Oshimo Yasuhiro, Oue Naohide, Mitani Yoshitsugu, Nakayama Hirofumi, Kitadai Yasuhiko, Yoshida Kazuhiro, Chayama Kazuaki, Yasui Wataru
Department of Molecular Pathology, Hiroshima University Graduate School of Biomedical Sciences, Hiroshima, Japan.
Int J Cancer. 2004 Jun 10;110(2):212-8. doi: 10.1002/ijc.20090.
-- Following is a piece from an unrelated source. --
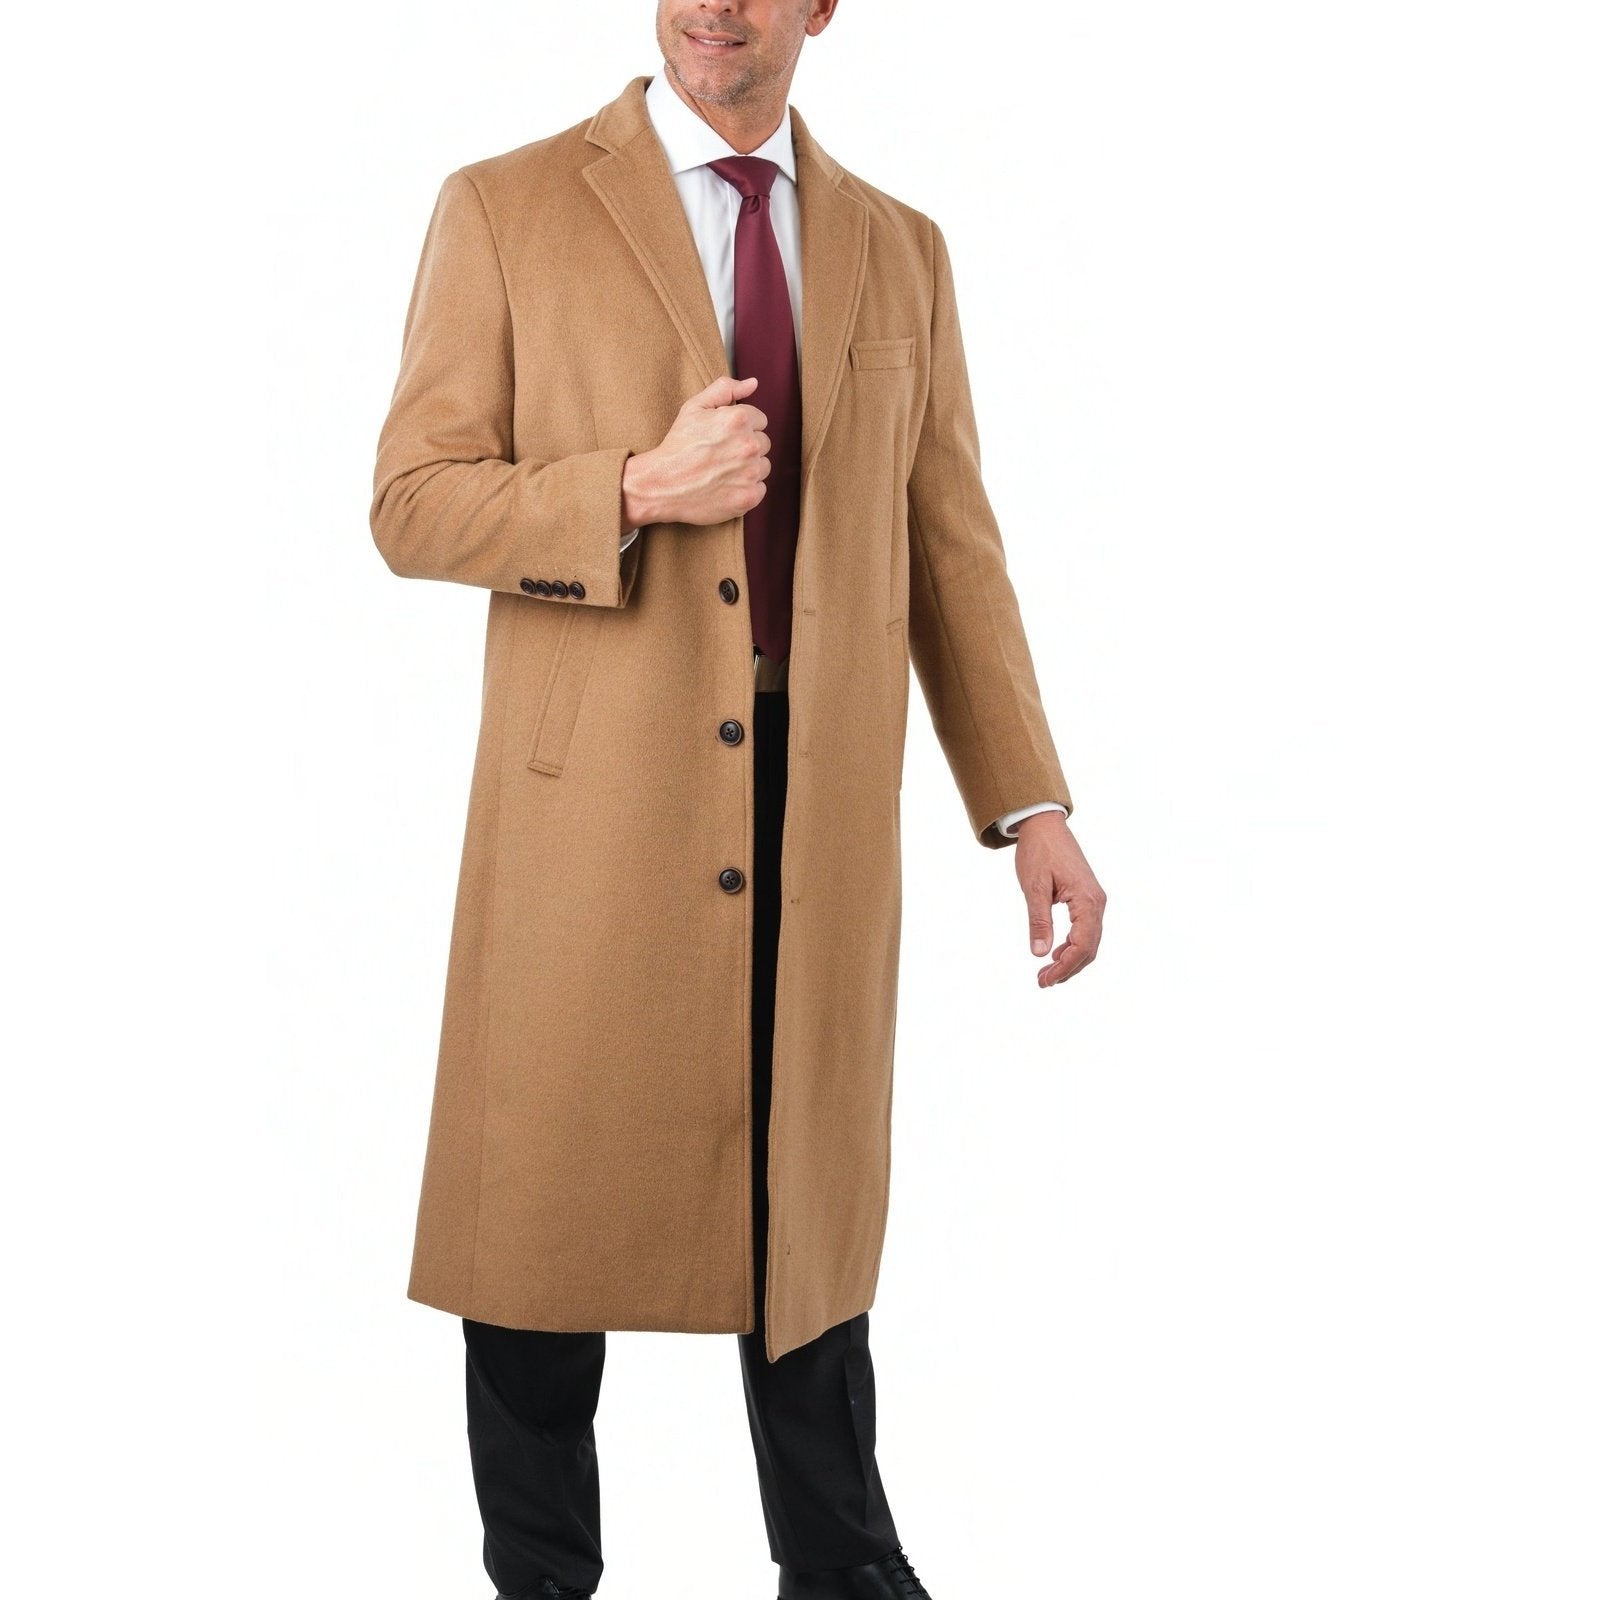 Shop Arthur Black Tan Classic Fit Coat | The Suit Depot
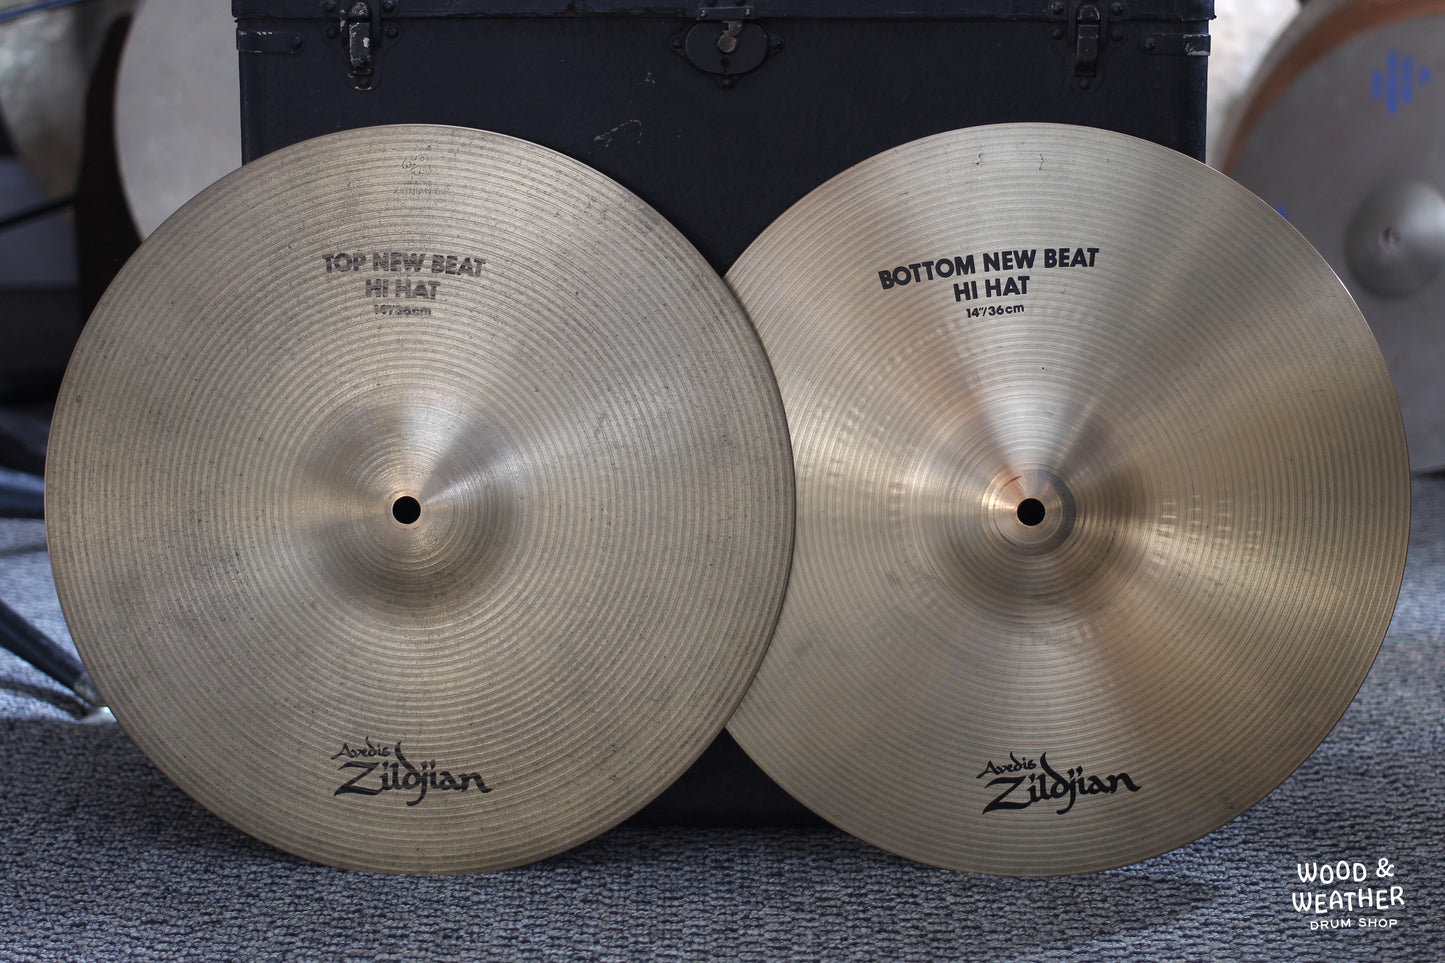 1996 Zildjian 14" A New Beat Hi-Hat Cymbals 1055/1420g

The retinoblastoma protein-interacting zinc finger gene, RIZ1 (GenBank accession number U17838), is involved in chromatin-mediated gene expression and is also a target for frameshift mutation in microsatellite-unstable cancers. Methylation of the RIZ1 promoter CpG island has been shown to be a common mechanism in inactivating the RIZ1 gene in human liver and breast cancers. We investigated levels of RIZ1 mRNA in 45 gastric carcinoma tissues by quantitative RT-PCR and in gastric carcinoma cell lines by RT-PCR. In addition, we examined CpG island methylator phenotype (CIMP) status, p53 mutation status, and the correlation between promoter methylation status and RIZ1 mRNA expression. CIMP status was investigated by examining the methylation status of MINT1, MINT2, MINT12, MINT25 and MINT31. p53 mutation status was examined by PCR-single strand conformation polymorphism and promoter methylation status was examined by methylation-specific PCR. Promoter hypermethylation of the RIZ1 gene was found in 31 (69%) of 45 gastric carcinoma tissues and in 3 (21%) of 14 corresponding non-neoplastic mucosae, the incidence being significantly different (p = 0.002). None of the 12 normal gastric tissues from young non-cancer individuals showed hypermethylation. Promoter hypermethylation was associated with reduced RIZ1 expression in gastric carcinoma tissues (p = 0.029). Promoter hypermethylation of the RIZ1 gene was significantly associated with CIMP (p = 0.002). Mutation status of the p53 gene was not associated with methylation status or RIZ1 expression in gastric carcinoma. In gastric carcinoma cell lines MKN-28 and KATO-III, the RIZ1 promoter was hypermethylated and RIZ1 transcription was inactive. Treatment of these cells with demethylating agent 5-aza-2'-deoxycytidine restored RIZ1 transcription. Our results suggest that transcriptional inactivation of the RIZ1 gene by promoter hypermethylation may participate in stomach carcinogenesis.
视网膜母细胞瘤蛋白相互作用锌指基因RIZ1(GenBank登录号U17838)参与染色质介导的基因表达,也是微卫星不稳定癌症中移码突变的靶点。RIZ1启动子CpG岛的甲基化已被证明是人类肝癌和乳腺癌中RIZ1基因失活的常见机制。我们通过定量RT-PCR检测了45例胃癌组织中RIZ1 mRNA的水平,并通过RT-PCR检测了胃癌细胞系中RIZ1 mRNA的水平。此外,我们还检测了CpG岛甲基化表型(CIMP)状态、p53突变状态以及启动子甲基化状态与RIZ1 mRNA表达之间的相关性。通过检测MINT1、MINT2、MINT12、MINT25和MINT31的甲基化状态来研究CIMP状态。通过PCR-单链构象多态性检测p53突变状态,通过甲基化特异性PCR检测启动子甲基化状态。在45例胃癌组织中的31例(69%)以及14例相应的非肿瘤黏膜中的3例(21%)发现了RIZ1基因启动子高甲基化,其发生率有显著差异(p = 0.002)。来自年轻非癌症个体的12例正常胃组织中均未显示高甲基化。启动子高甲基化与胃癌组织中RIZ1表达降低相关(p = 0.029)。RIZ1基因启动子高甲基化与CIMP显著相关(p = 0.002)。胃癌中p53基因的突变状态与甲基化状态或RIZ1表达无关。在胃癌细胞系MKN-28和KATO-III中,RIZ1启动子发生高甲基化,RIZ1转录失活。用去甲基化剂5-氮杂-2'-脱氧胞苷处理这些细胞可恢复RIZ1转录。我们的结果表明,启动子高甲基化导致的RIZ1基因转录失活可能参与胃癌的发生。